Эрос. Их я слишком уважаю, мама. Они всегда такие серьезные, ходят задумчиво, заняты пением. Часто стою рядом и слушаю как завороженный.
Афродита. Оставь их тогда в покое, раз они такие серьезные. Но ты и Артемиды избегаешь. Почему?
Эрос. Ее никак не поймешь: все сидит в своих горах. К тому же одна страсть ею уже владеет.
Афродита. Какая же?
Эрос. Охота. Ее олени и лани, за которыми она все гоняет. Только этим и живет. Но ее братика, который тоже стрелок из лука, притом хороший, я…
Афродита. Знаю, знаю, сынок, того ты уже подстрелил, и не раз.

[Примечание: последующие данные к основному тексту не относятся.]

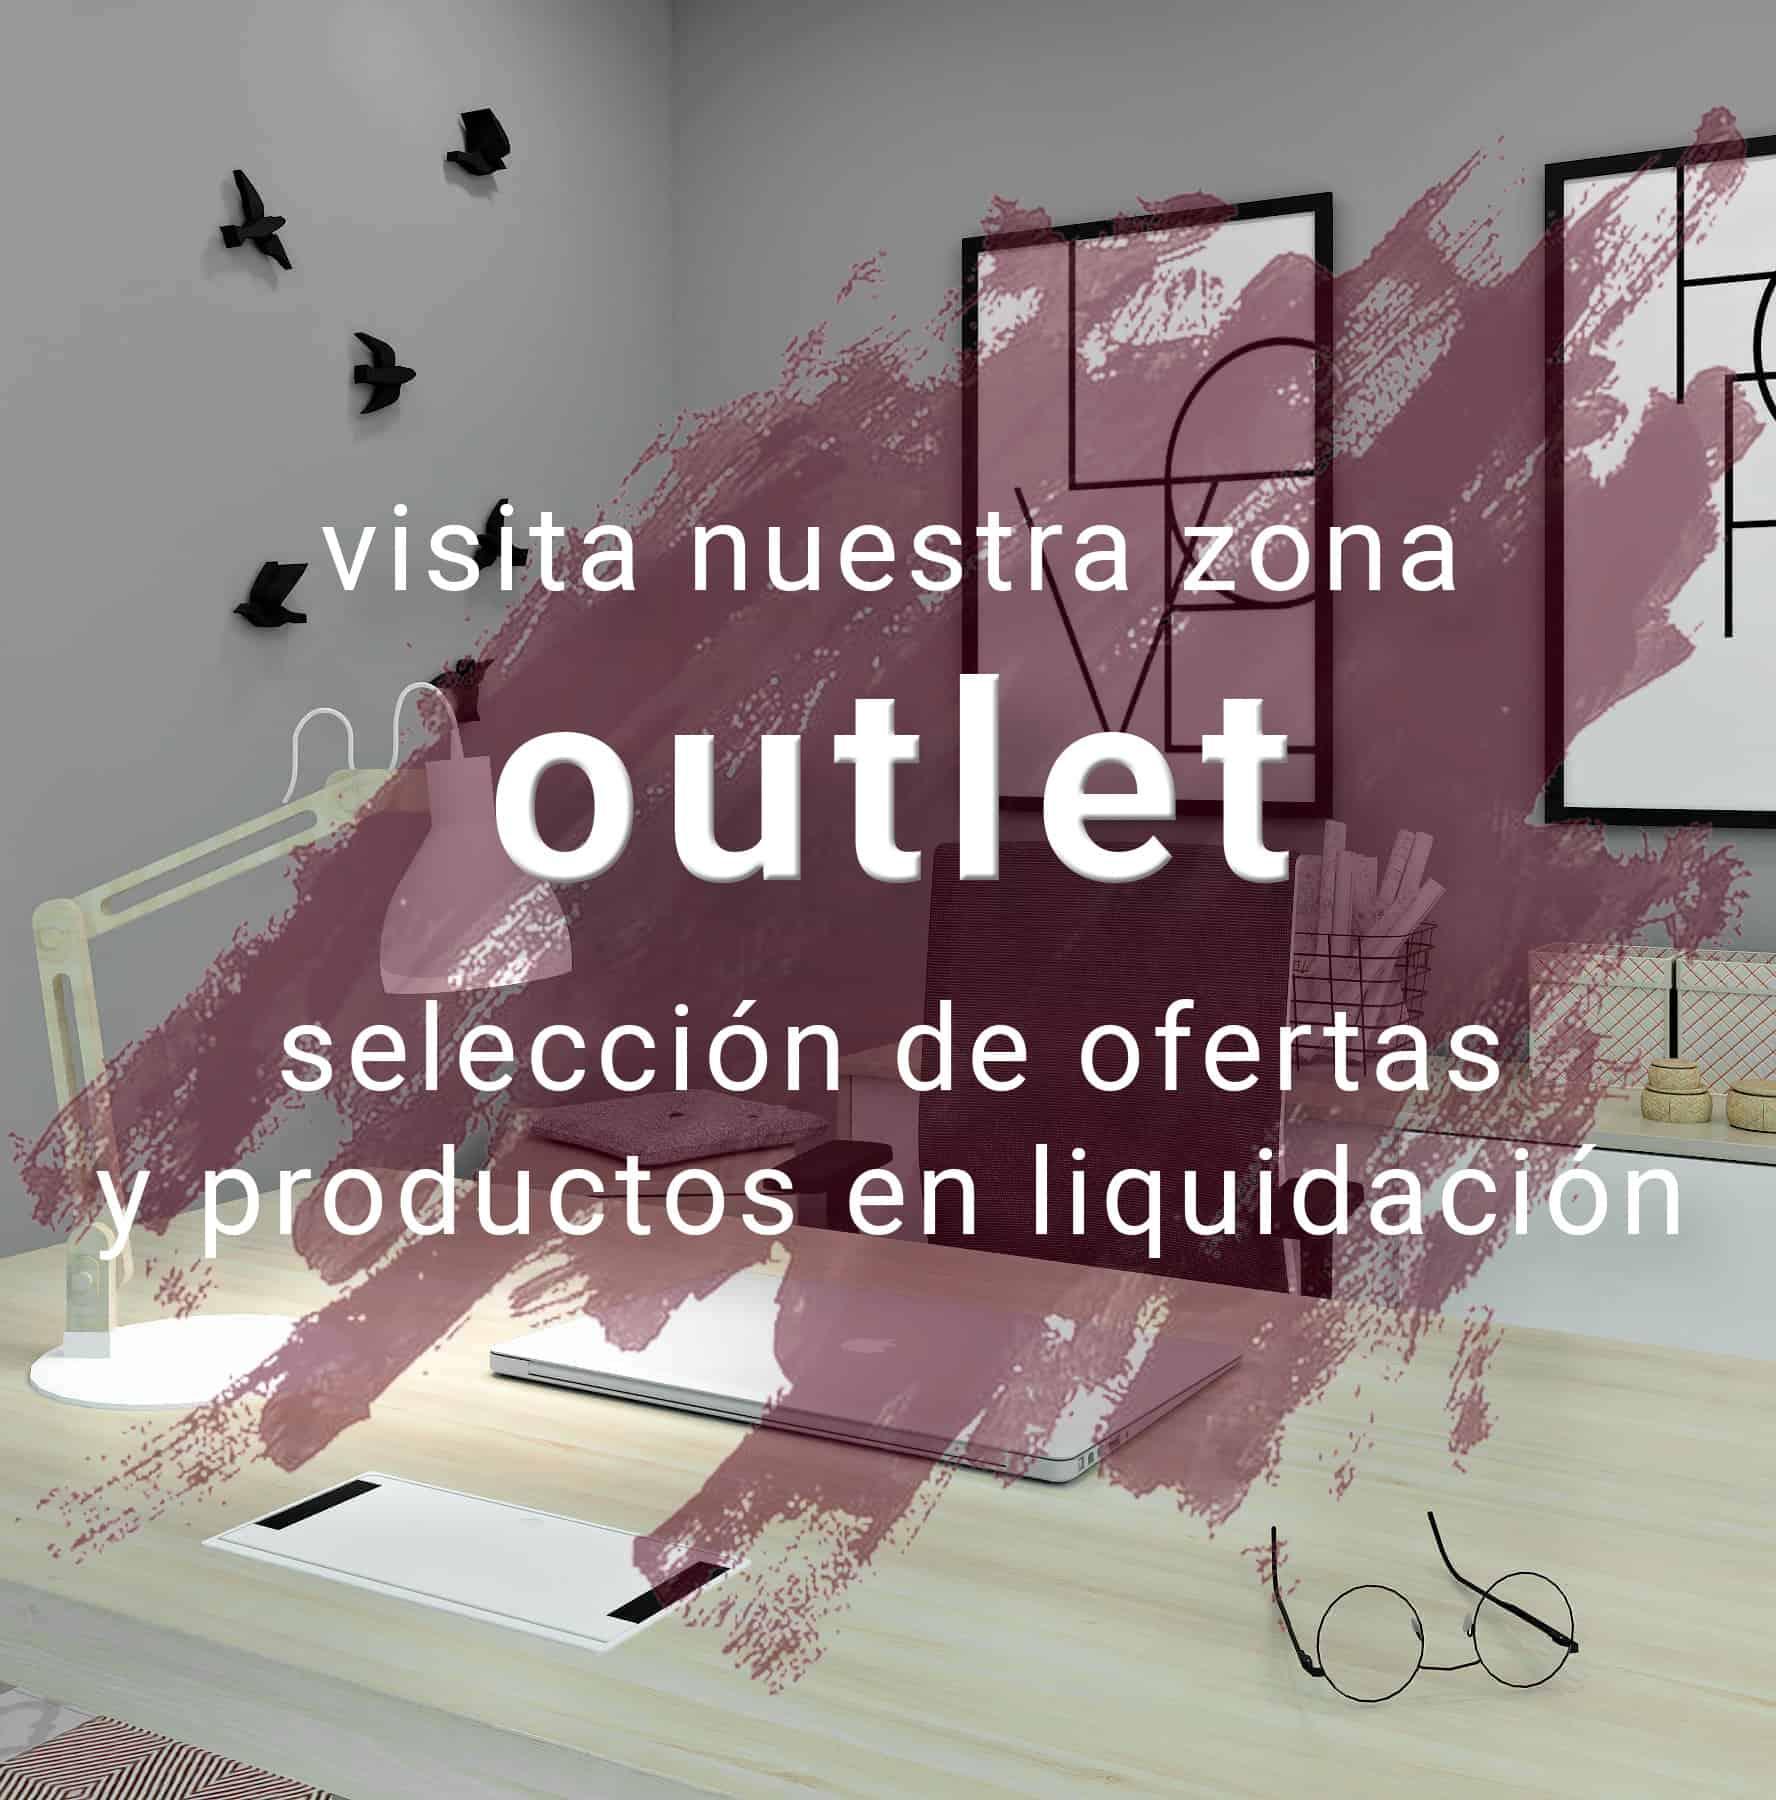 ofertas-productos-liquidacion-outlet

Да, греческий Олимп имел такого Эроса, какого заслужил. Этот мальчуган на одной древней гемме вырастает из цветка, как истинный божок весны – ласково улыбающийся и невинный. Определенно не был он таким зловредным, пока его не испортило окружение. Он не имел моральной поддержки в своей семье, а двор Зевса, как любой двор, был полон интриг,[9] сплетен, подвохов, зависти, скрытых и явных страстей, и любовь была там единственным достойным занятием. Не надо было иметь гений Эпикура, чтобы понять, что боги Олимпа людьми и миром не занимались. Земля была для них лишь неплохим местом развлечений.

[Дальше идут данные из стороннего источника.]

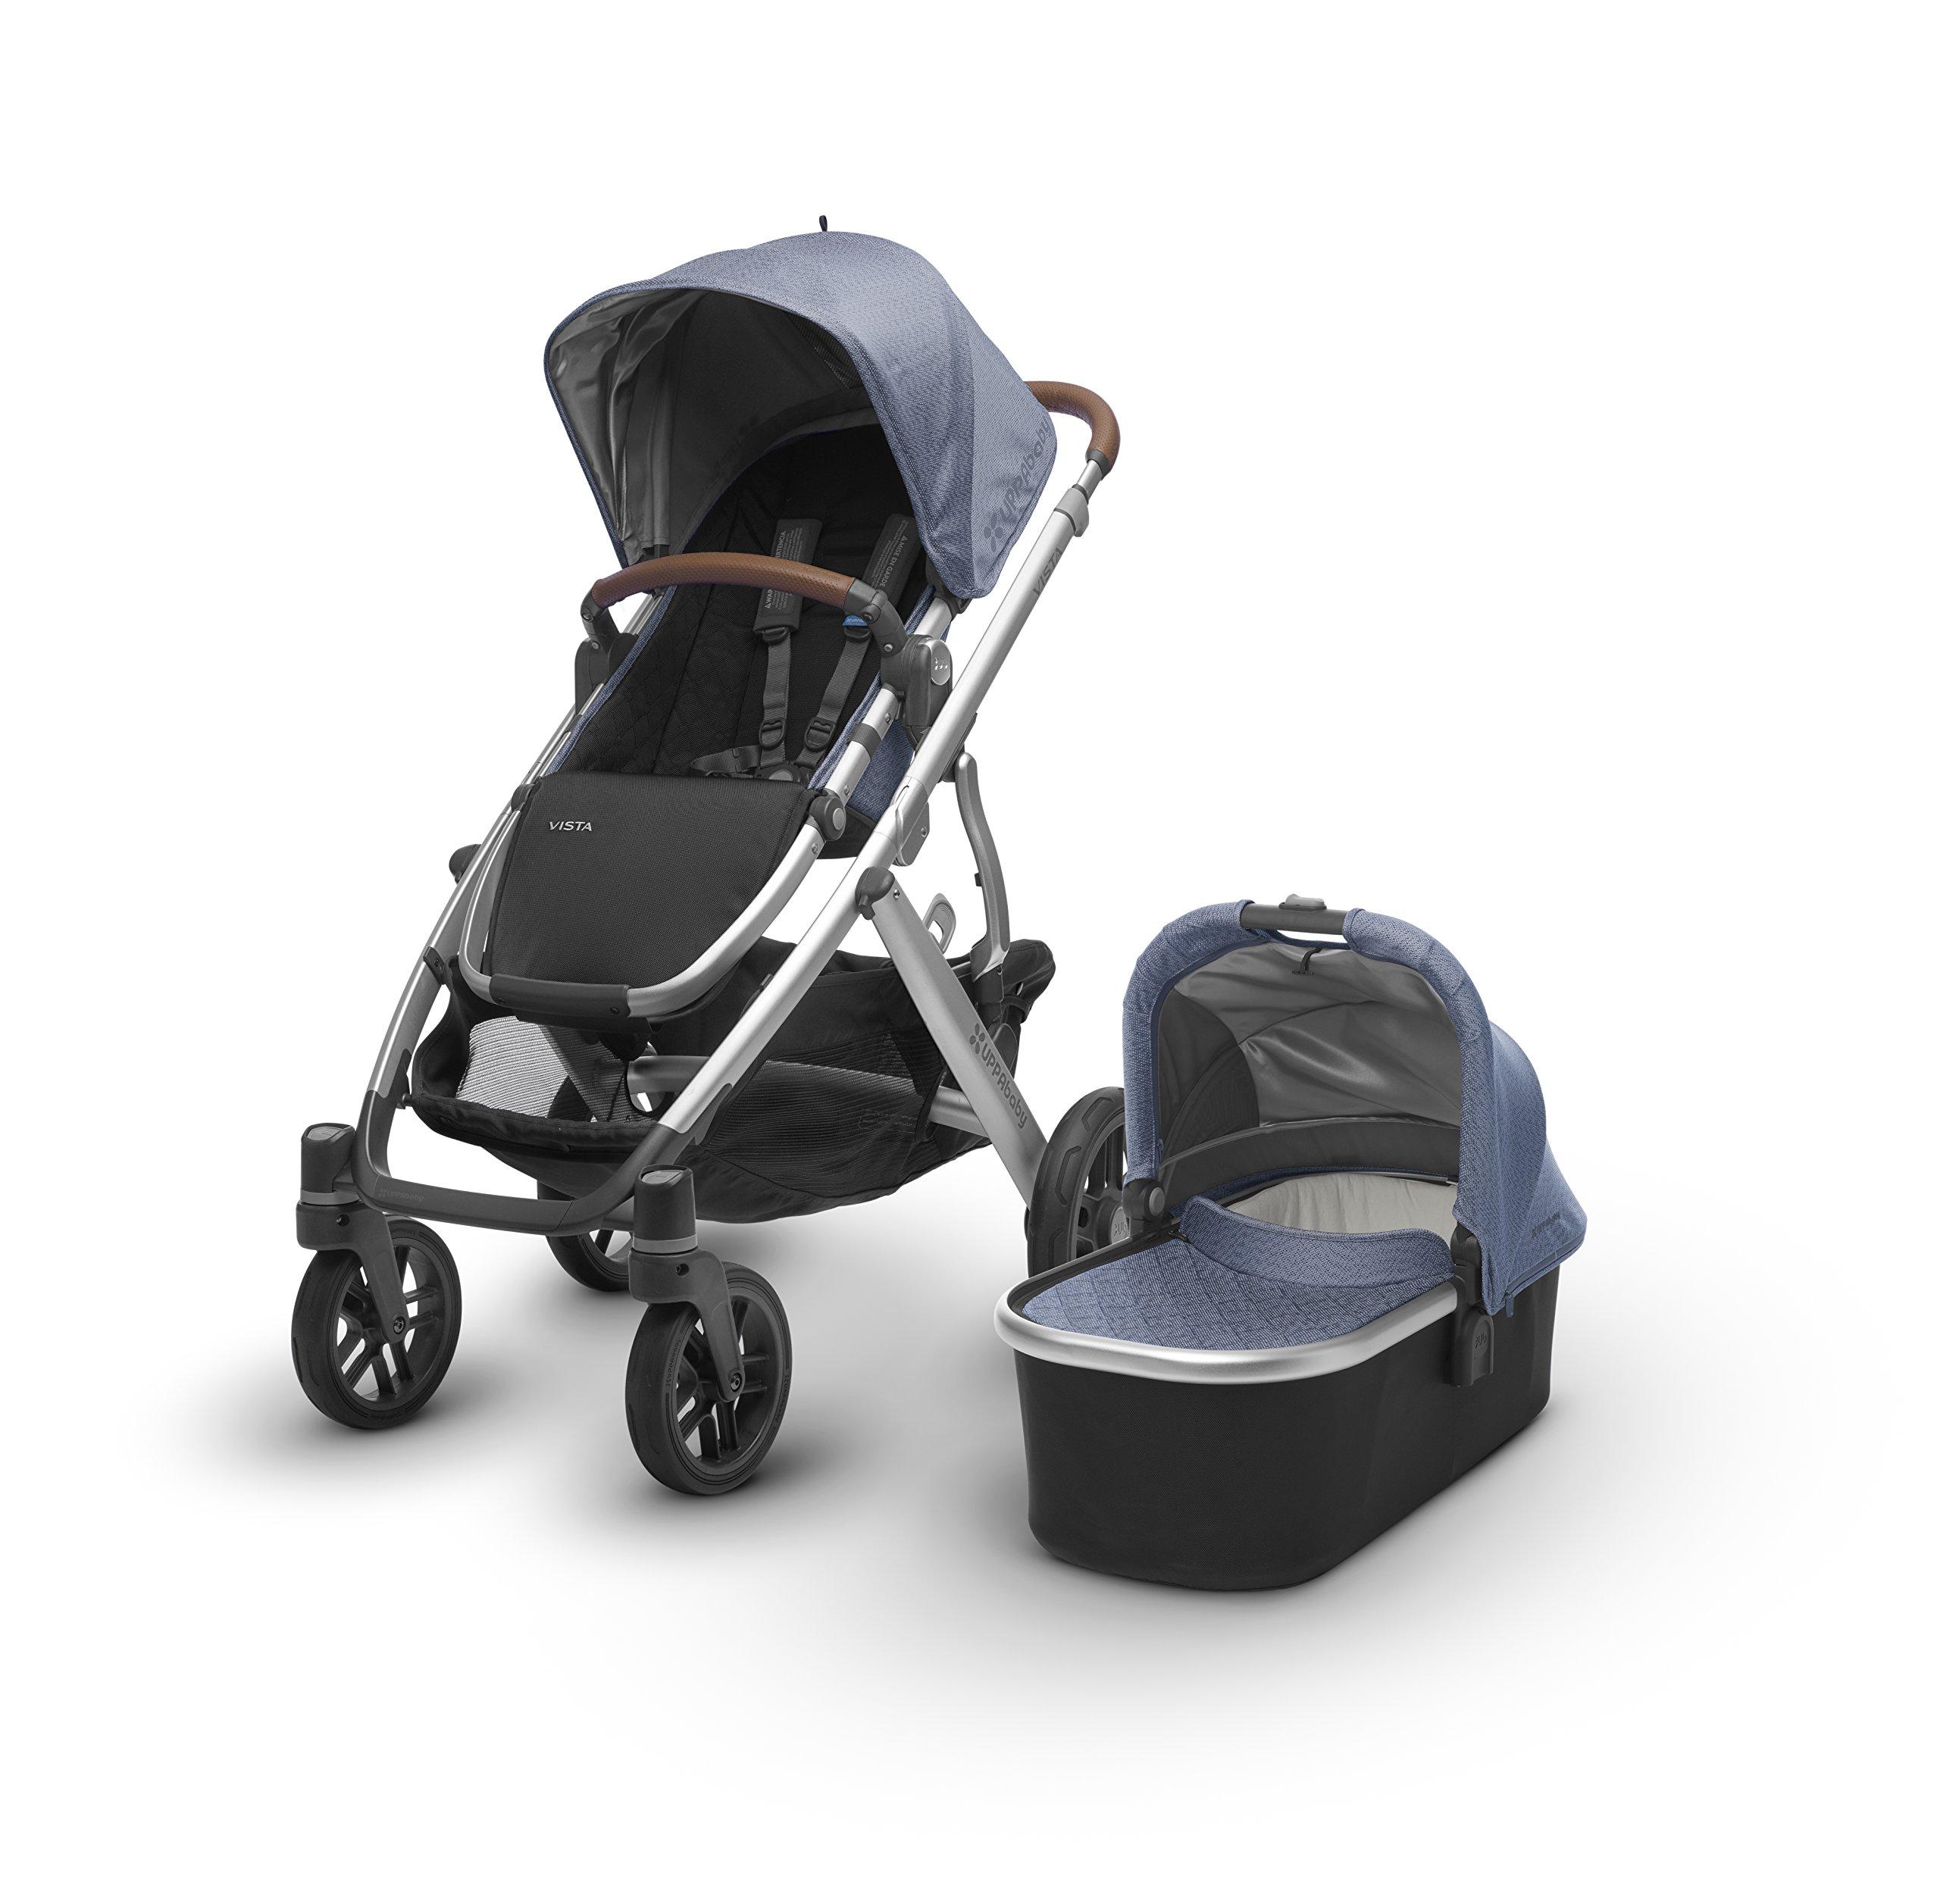 2018 UPPAbaby Vista Stroller Henry Blue Marl Silver Saddle Leather

С утра бронзовые стены царского дворца на Олимпе сотрясали крикливые жалобы Геры, которая сетовала на неверность Зевса, не будучи в состоянии понять, почему он такой, хотя она ежедневно омывается в роднике Канатос около Навплии и снова становится девой. У пиршественных столов, уставленных нектаром и амброзией, из уст в уста переливались нескромные рассказы об отсутствующих, а многозначительные взгляды выдавали секреты собеседников. Позднее, когда Оры запирали на ночь ворота Олимпа, диву даешься, какая страшная суета начинала царить в коридорах и вокруг покоев счастливых богов. То и дело встречался кто-нибудь, кто спешил в сторону, прямо противоположную своему жилью.